Syrian President Bashar al-Assad has acknowledged being tipped off by members of the United States-led coalition about airstrikes on Islamic State militants within his country.
Though he noted in a BBC interview broadcast on Tuesday that his government is not directly cooperating with the coalition, he said that third parties including Iraq had conveyed information notifying Syria of the attacks.
"Sometimes they convey message, general message, but there's nothing tactical," he said, noting a lack of interchange. "There is, let's say, information, but not dialogue."
The Syrian Air Force operates in some of the areas in which coalition strikes have taken place, but there have been no encounters involving the two sides, implying that there is at least some communication of operations. Syria's anti-aircraft defenses have refrained from targeting coalition aircraft, and the strikes in the country appear to reflect an informal understanding between the US-led coalition and Assad's government.
Critics of US foreign policy have noted that the focus on exclusively targeting Islamic State installations in Syria has had the effect of bolstering Assad.
Iraqi officials have previously said that they passed information on to Shia powerhouse and ally Iran about coalition operations. The government in Tehran is a key backer of the embattled Syrian president.
Assad also said that Syrian authorities were aware in advance that the US would extend airstrikes already underway in Iraq to Syria last September.
When the Syrian uprising began in 2011 and Assad's forces violently repressed mainly peaceful demonstrations against his rule, the US insisted that he leave office. It maintained this position when an armed rebellion began, and has provided limited support to Syrian opposition groups, including training, weapons, and equipment.
With no realistic prospect of Assad's removal in the near term, the US shifted its priorities to targeting the Islamic State after the terror group seized areas in northern Iraq last summer.

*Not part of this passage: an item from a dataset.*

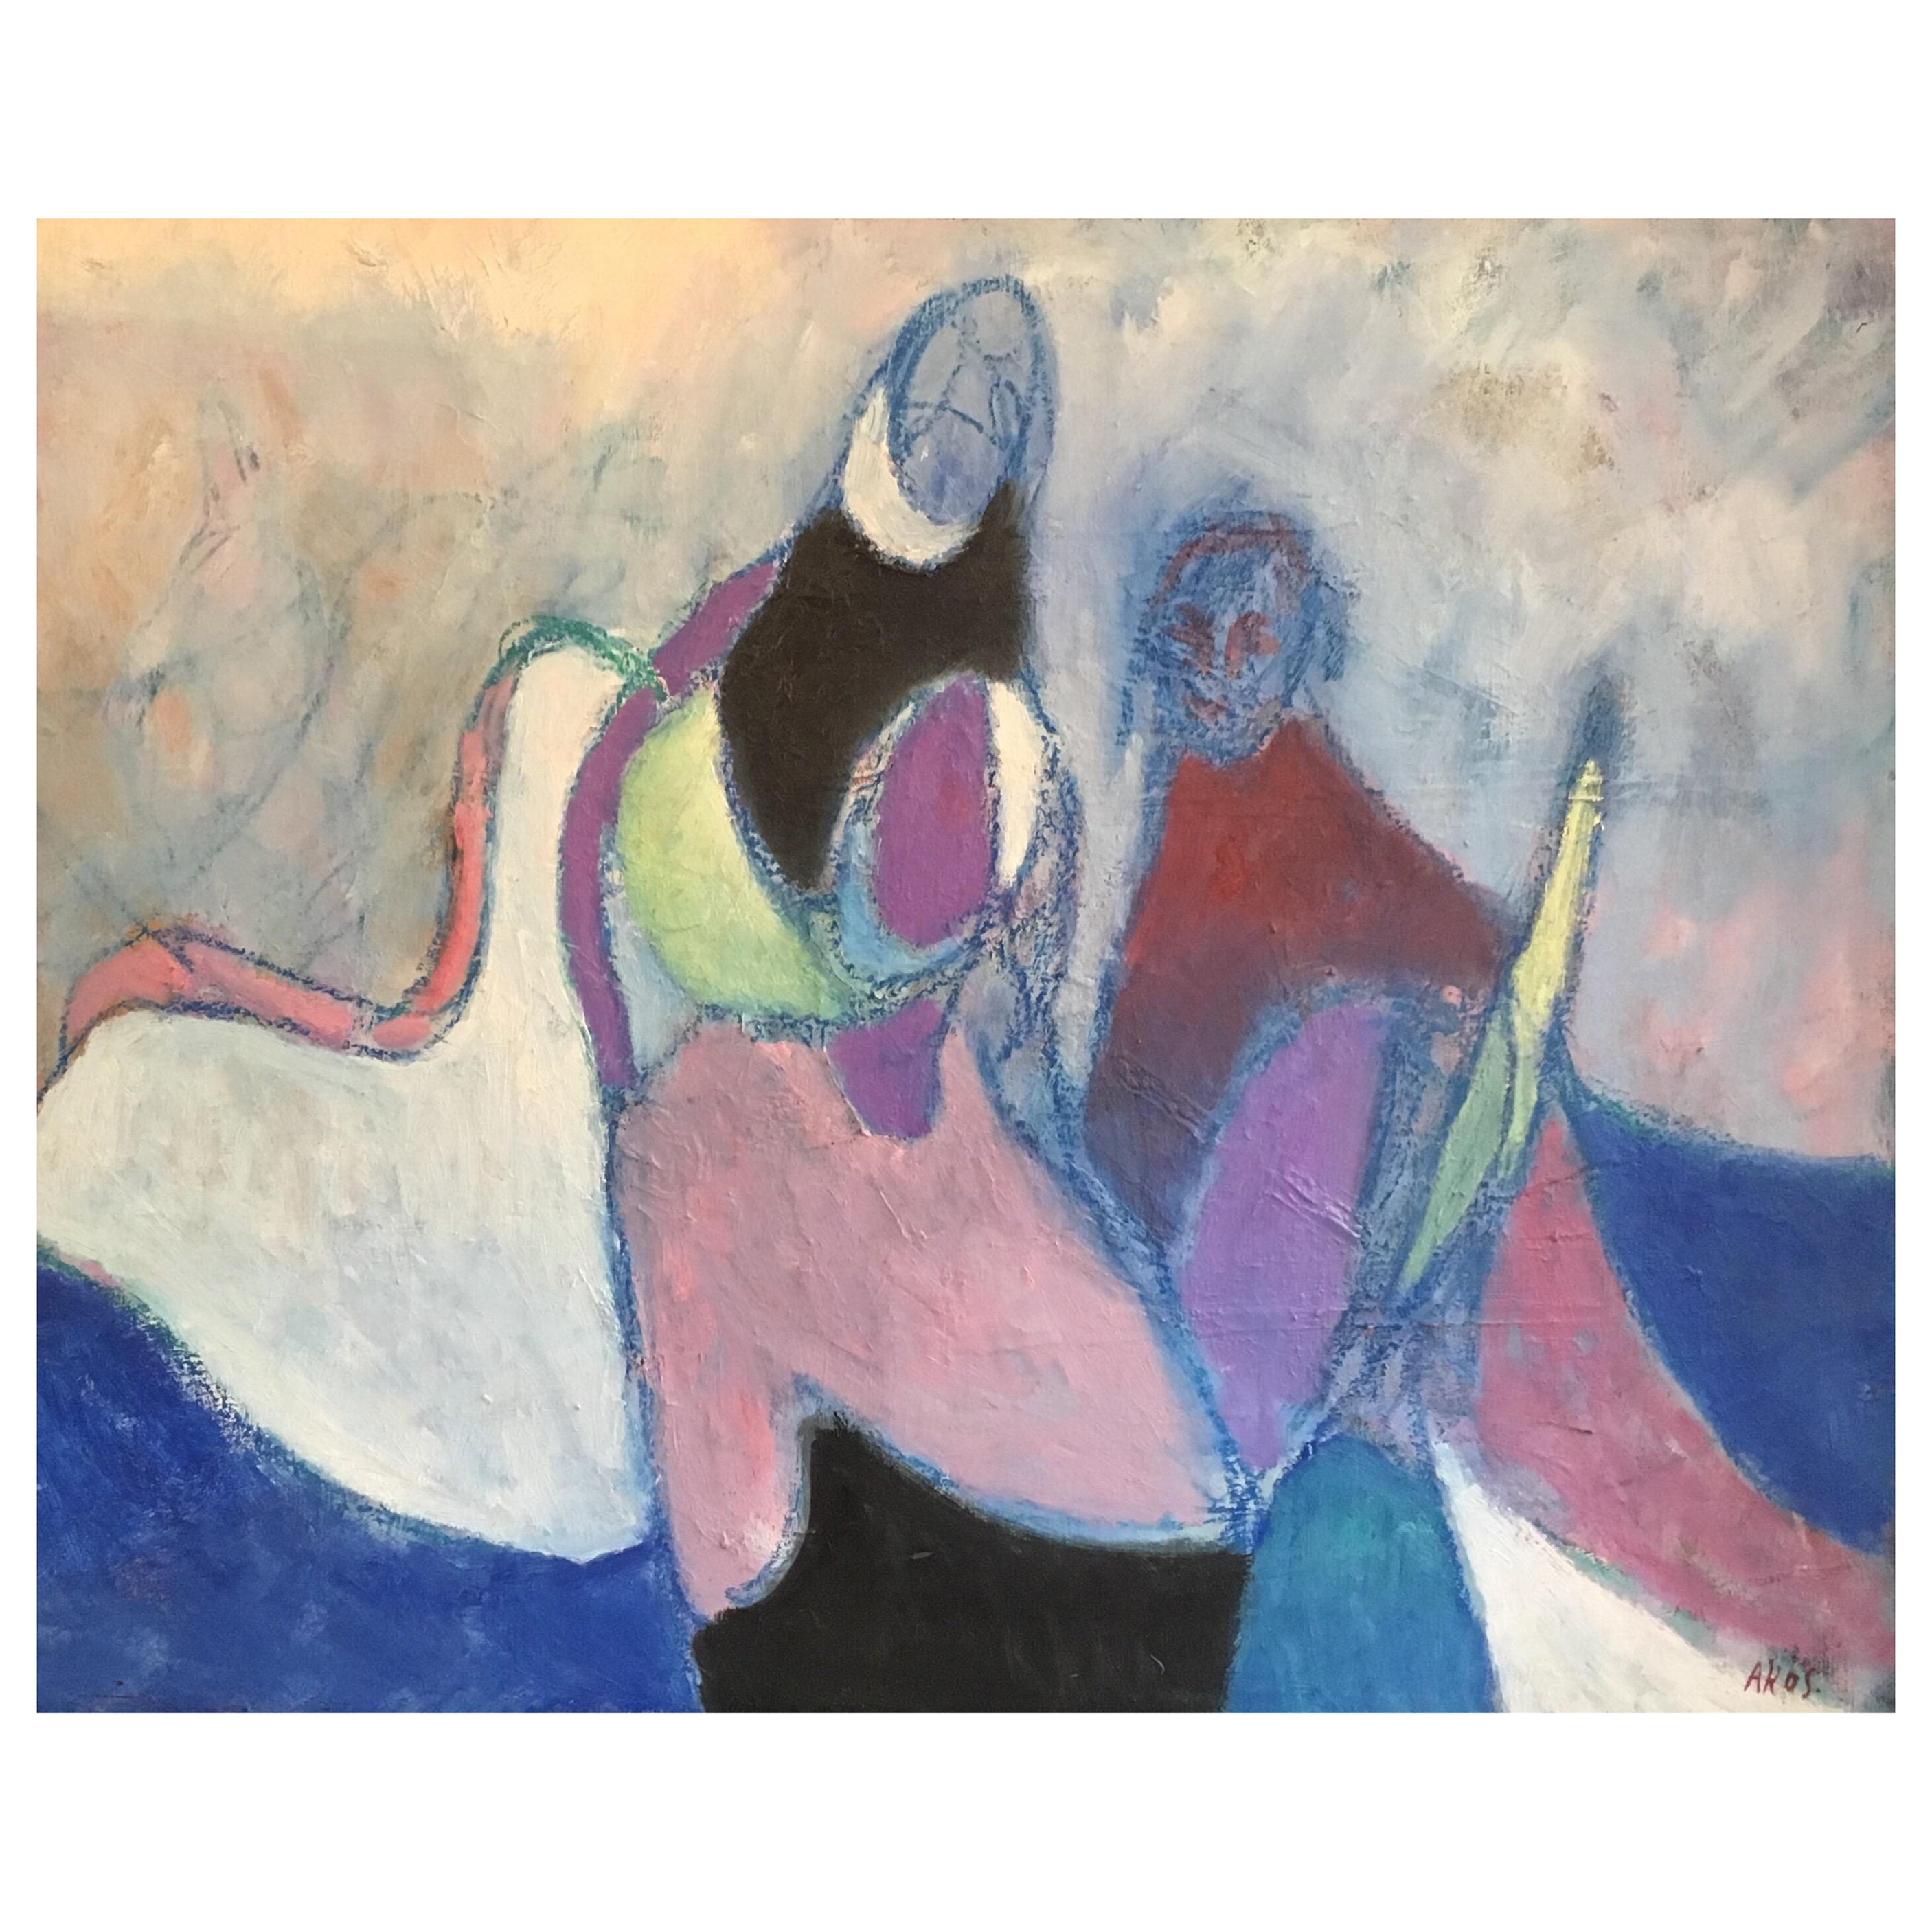 Akos Biro Portrait Painting - Huge MultiColoured French Abstract Cubist Figures Dancing Original Oil Painting

"Those folks could kill Americans," President Barack Obama remarked of the Islamic State and other radicals on 60 Minutes last September. "And so… there's a more immediate concern that has to be dealt with."
US officials have said they are still keen for Assad to leave, however, and have made it clear that Syria could not be part of the military alliance dedicated to wiping out the extremist group.
"Assad presents this conflict as a choice between his regime and terrorist groups like ISIL," a State Department official told VICE News last December, referring to an alternative name for the Islamic State. "This is a false choice."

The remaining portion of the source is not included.